GEORGE WASHINGTON picked up guns and an army to defeat the Empire then, but we can make a present day change using the web, networking, etc. If you are only interested in knowing more about Industrial Hemp, that’s OK. If you are seriously considering investing in building a home, storage shed or simple experimental cabin with Hemp materials, that’s fine too. You can take a look at some of the companies listed above and see what they offer. However, if you are blown away by the socio-economic and political implications of what we can do with Hemp, then understand the importance of the passing references to Hemp in early America, as something so vital and beneficial as Hemp can only be successfully re-introduced if our collective desire overpowers the present arrangement. ‘Successful’ here means to replace the predominance of petroleum, pulp and paper, fiberglass and plastics, with Industrial Hemp.

It means replacing economic cannibalism with Cannabis.

WHAT YOU CAN DO: Continue to study the history and benefits of Industrial Hemp, begin to gradually integrate Hemp products (more articles and links to follow in subsequent posts…), even if they cost a bit more (the way PC’s, laptops, cell phones and tablets did when they first appeared!), tell your friends, family and colleagues.



3 thoughts on “Hemp Building Materials: Biodegradable Bricks, Boards and Bonding”

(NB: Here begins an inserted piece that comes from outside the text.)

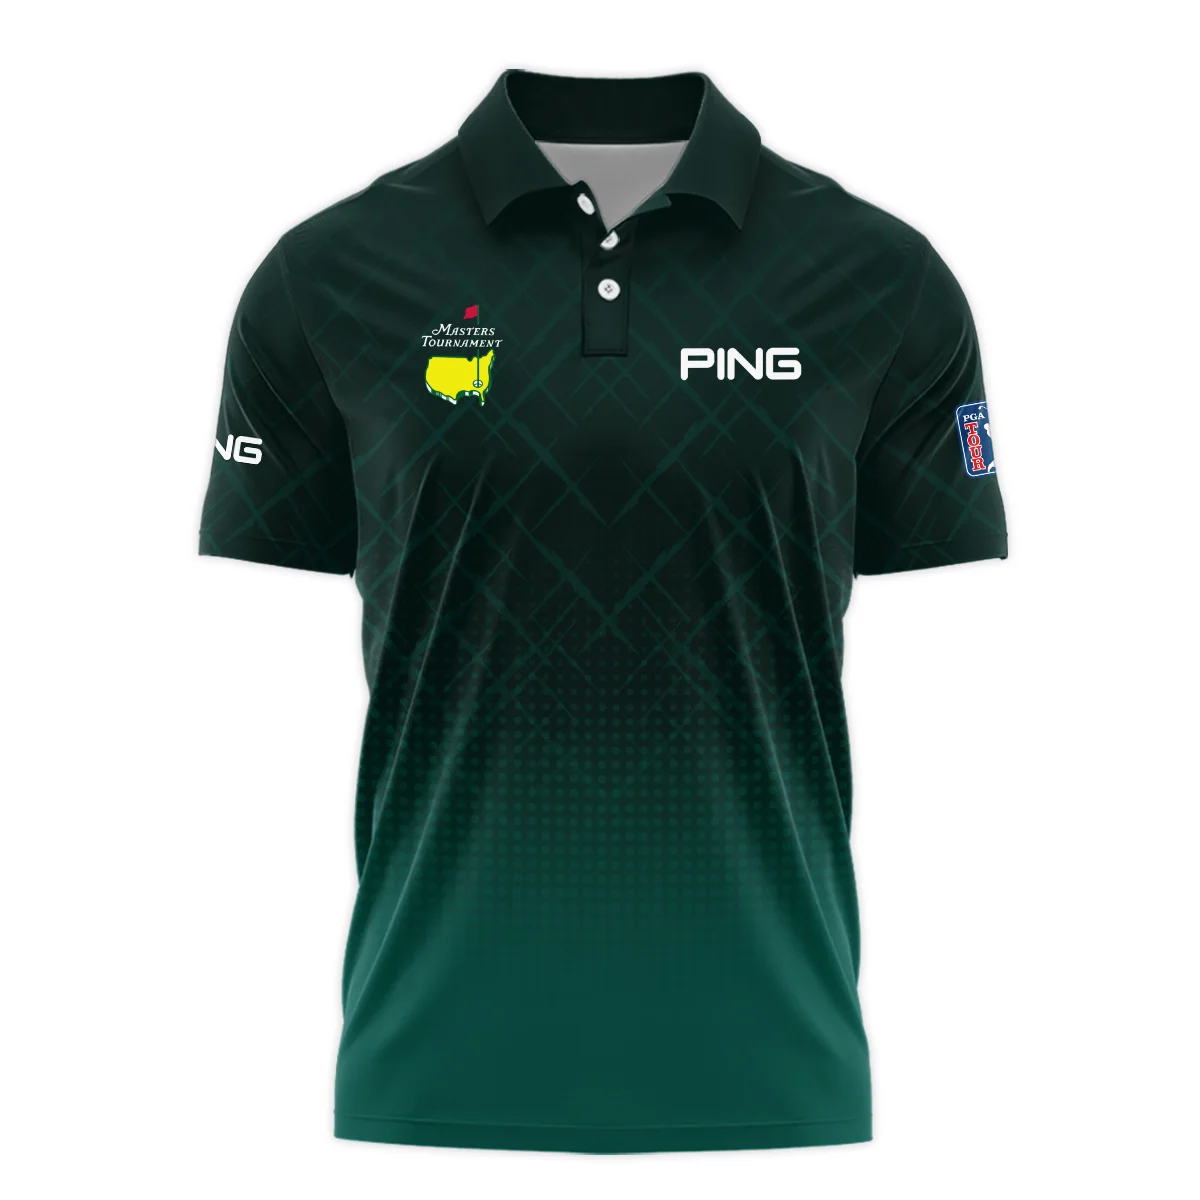 Ping Masters Tournament Sport Jersey Pattern Dark Green Polo Shirt Style Classic Polo Shirt For Men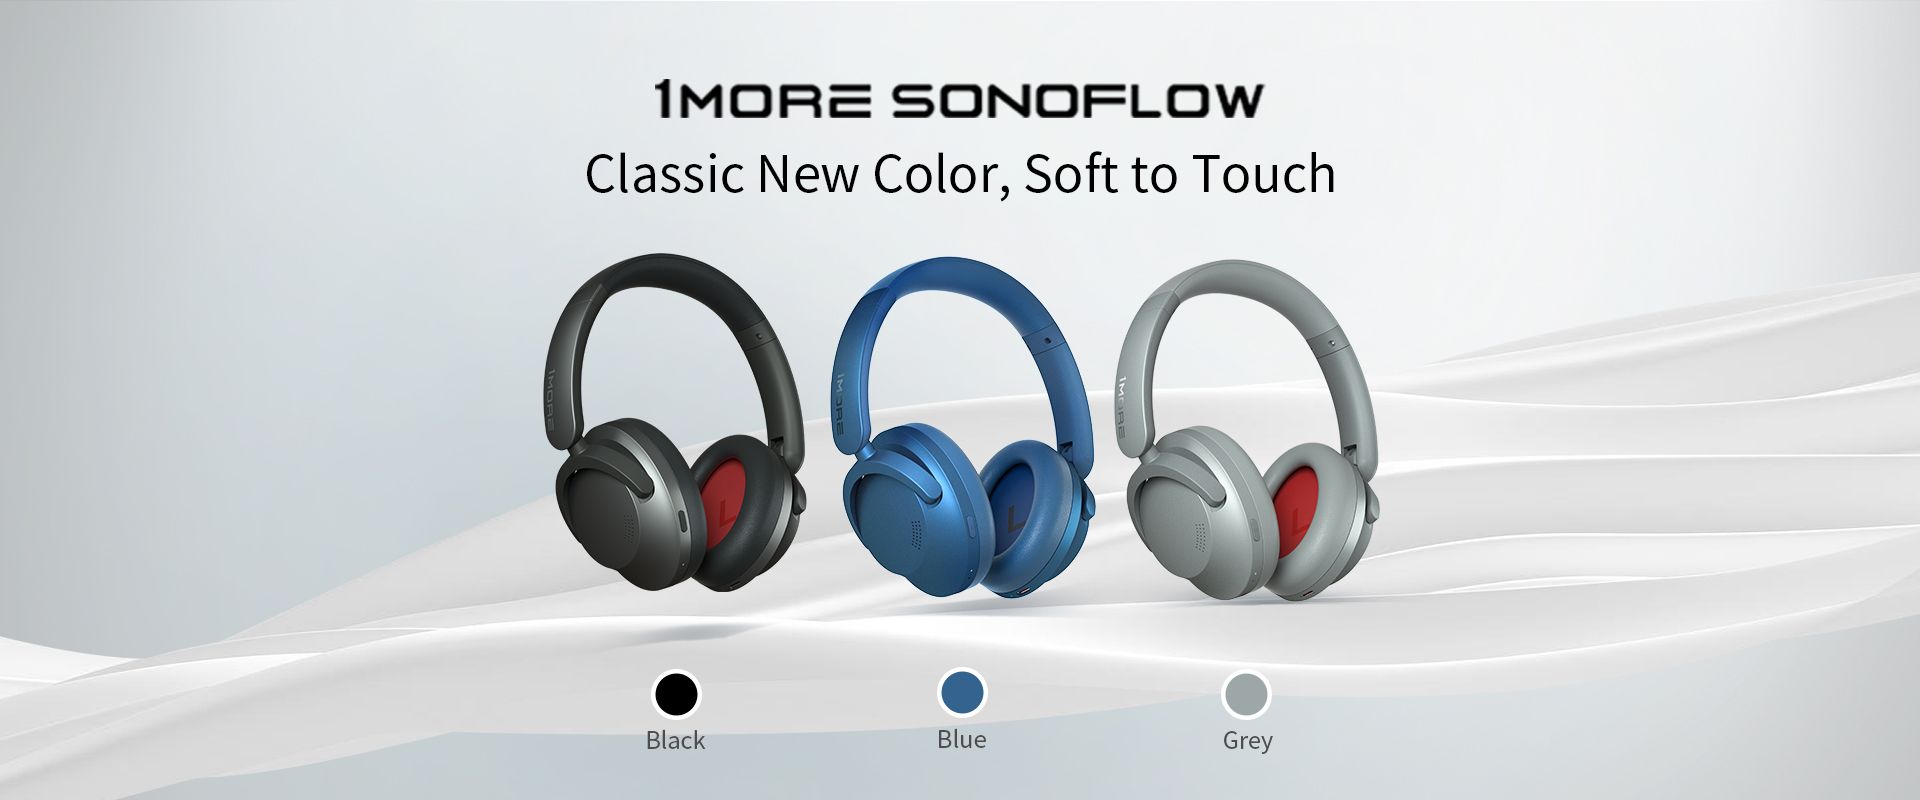 1MORE-SonoFlow-Active-Noise-Cancelling-Headphones-Bluetooth-Headphones-with-LDAC-for-Hi-Res-Wireless-Audio-70H-Playtime-Clear-Calls-Blue-13

  1. Awesome! The industrial cotton folks were scared of hemp. It makes no sense that we don’t take advantage of it more! Keep spreading the info!!!! We have to wake people up!!!!

  2. This is a good article. It is unfortunate that this country has been run by old time conservatives how sit and drink martinis at lunch and discuss the horrible state of affairs and the evil Cannabis plant ruining our young culture. What a bunch of idiots. The realization that marijuana and hemp are related has held this country back from the use of hemp for a long time. Had these economists recognized the many uses of hemp which is NOT marijuana it would have been put to use a long time ago. This is what happens when the most closed minded Americans become our fearful leaders……..Just my opinion!

  3. I enjoyed reading your post.

    I especially want to highlight the line, “The more Industrial Hemp we grow, the healthier will our soil and atmosphere be, since the mighty Hemp plant not only sucks in C02, but also replenishes the soil.”

    Yes if ever there was a good reason to grow more Industrial Hemp then that is it!